Malgré plusieurs cycles de soutien financier depuis 2010 et douze ans de supervision de l’UE, l’économie grecque reste sous-développée. La productivité du travail a stagné au cours de la dernière décennie. Le ratio dette publique/PIB de la Grèce a augmenté de 50 points de pourcentage depuis la crise. Le chômage des jeunes est d’environ 30 pour cent. Il y a peu de preuves que l’économie grecque soit devenue plus compétitive. L’Institut Fraser a classé la Grèce au 63e rang des nations du monde en 2010. Dans son dernier rapport, la Grèce s’est classée 85e.

La corruption généralisée est un obstacle majeur au développement économique de l’Ukraine. L’expérience grecque montre que, dans la pratique, la capacité de l’UE à lutter contre la corruption est limitée. La corruption reste un problème majeur en Grèce. Une enquête de la Commission européenne de 2022 a révélé que 98% des répondants grecs pensaient que la corruption était répandue dans leur pays – le pourcentage le plus élevé de tous les pays de l’UE.

Compte tenu de la situation démographique difficile de l’Ukraine, de son économie de l’ère soviétique et du succès de l’UE dans les réformes structurelles, il serait difficile de relancer l’économie ukrainienne, même dans les meilleures circonstances. De nouveaux combats rendront la réanimation encore plus difficile et coûteuse.

Le rêve des néoconservateurs pour l’Ukraine est qu’elle serve de rempart oriental de l’OTAN contre les prétendues tendances expansionnistes de la Russie. La réalisation de ce rêve nécessite une relance de l’économie du pays après la guerre.

Une nouvelle escalade de la guerre décimera davantage l’infrastructure du pays et rendra la reconstruction difficile, car un grand nombre de jeunes Ukrainiens qui auraient pu investir leur vie dans la reconstruction du pays deviennent des victimes de la guerre.
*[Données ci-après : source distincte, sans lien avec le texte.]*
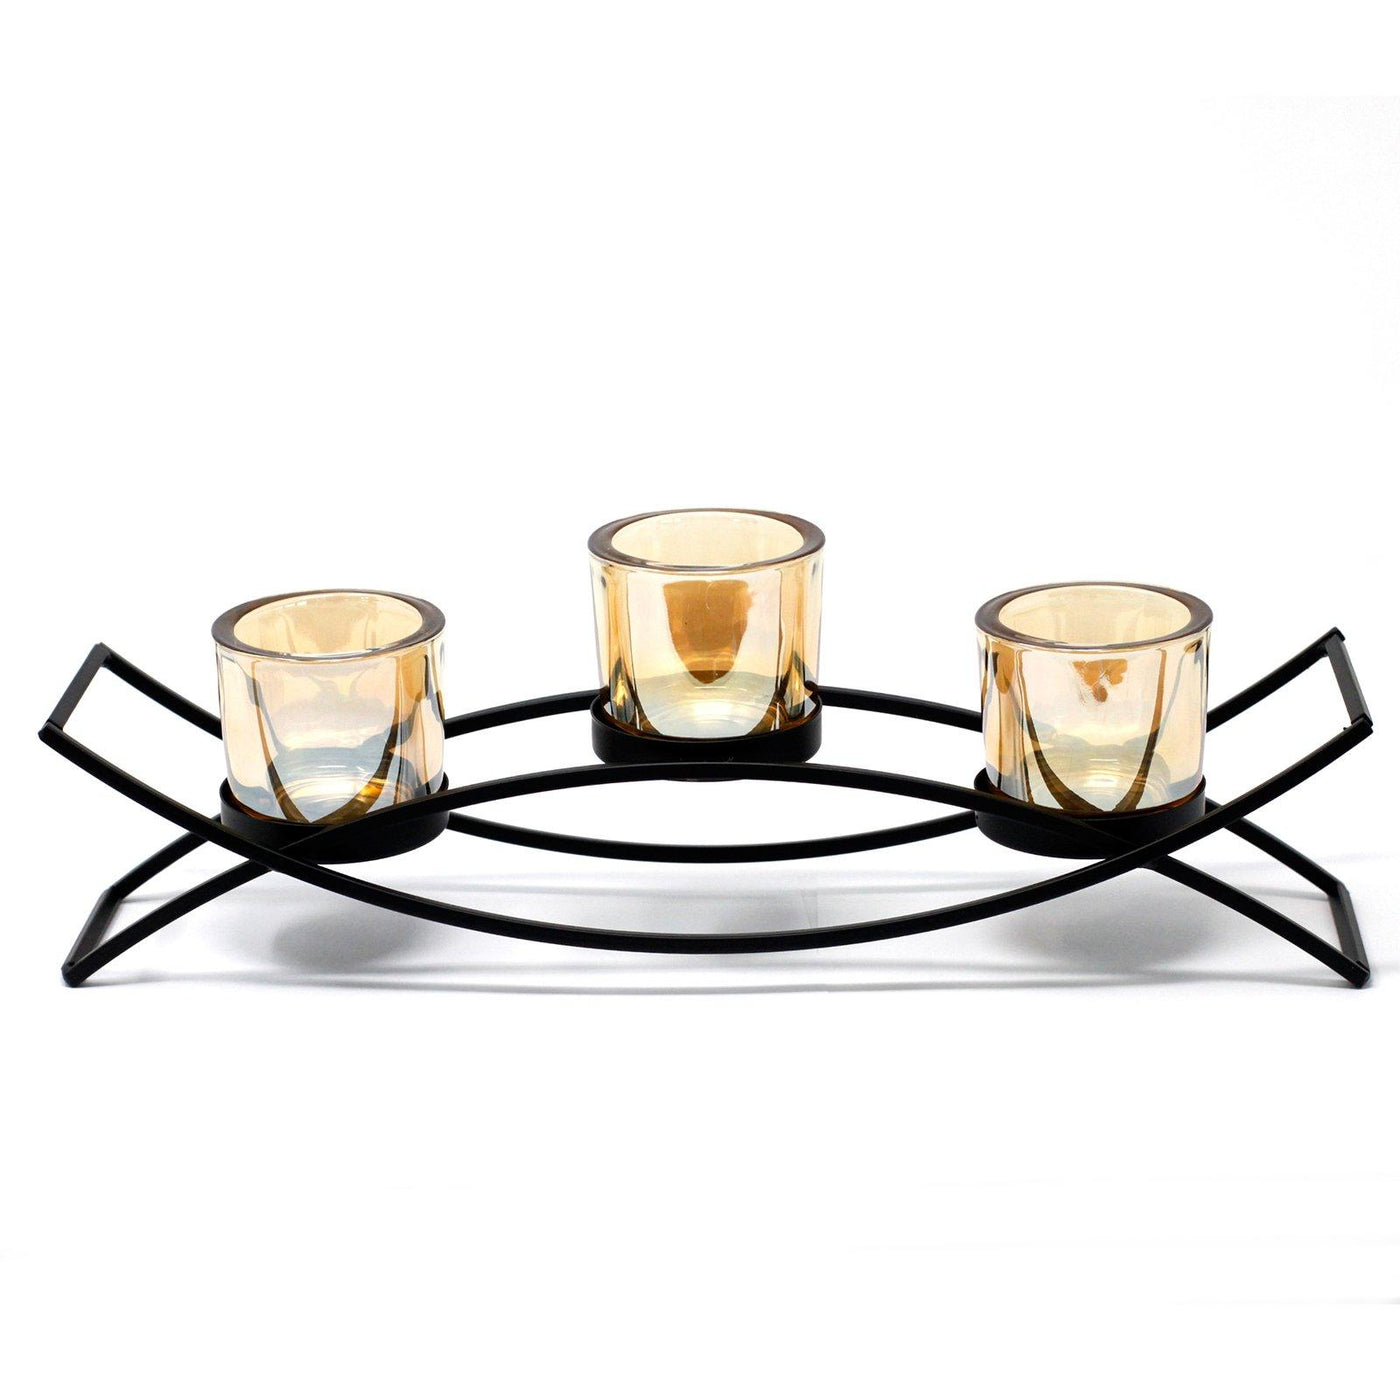 Centrepiece Silhouette Tree Gold Amber Glass And Iron Votive Tealight Candle Holder.

Plus la guerre se prolongera, plus il est probable que l’Ukraine ne sera pas une nation indépendante après la guerre, mais qu’elle dépendra plutôt de l’Occident à long terme pour recevoir l’aide militaire et économique nécessaire à sa survie.

Les dirigeants occidentaux doivent révéler à leur public les compromis évidents entre la poursuite des objectifs militaires de l’OTAN, tels que repousser la Russie à ses frontières d’avant 2014, et la probabilité accrue que la réalisation de ces objectifs rendra impossible la réunification de l’Ukraine une fois la fusillade terminée.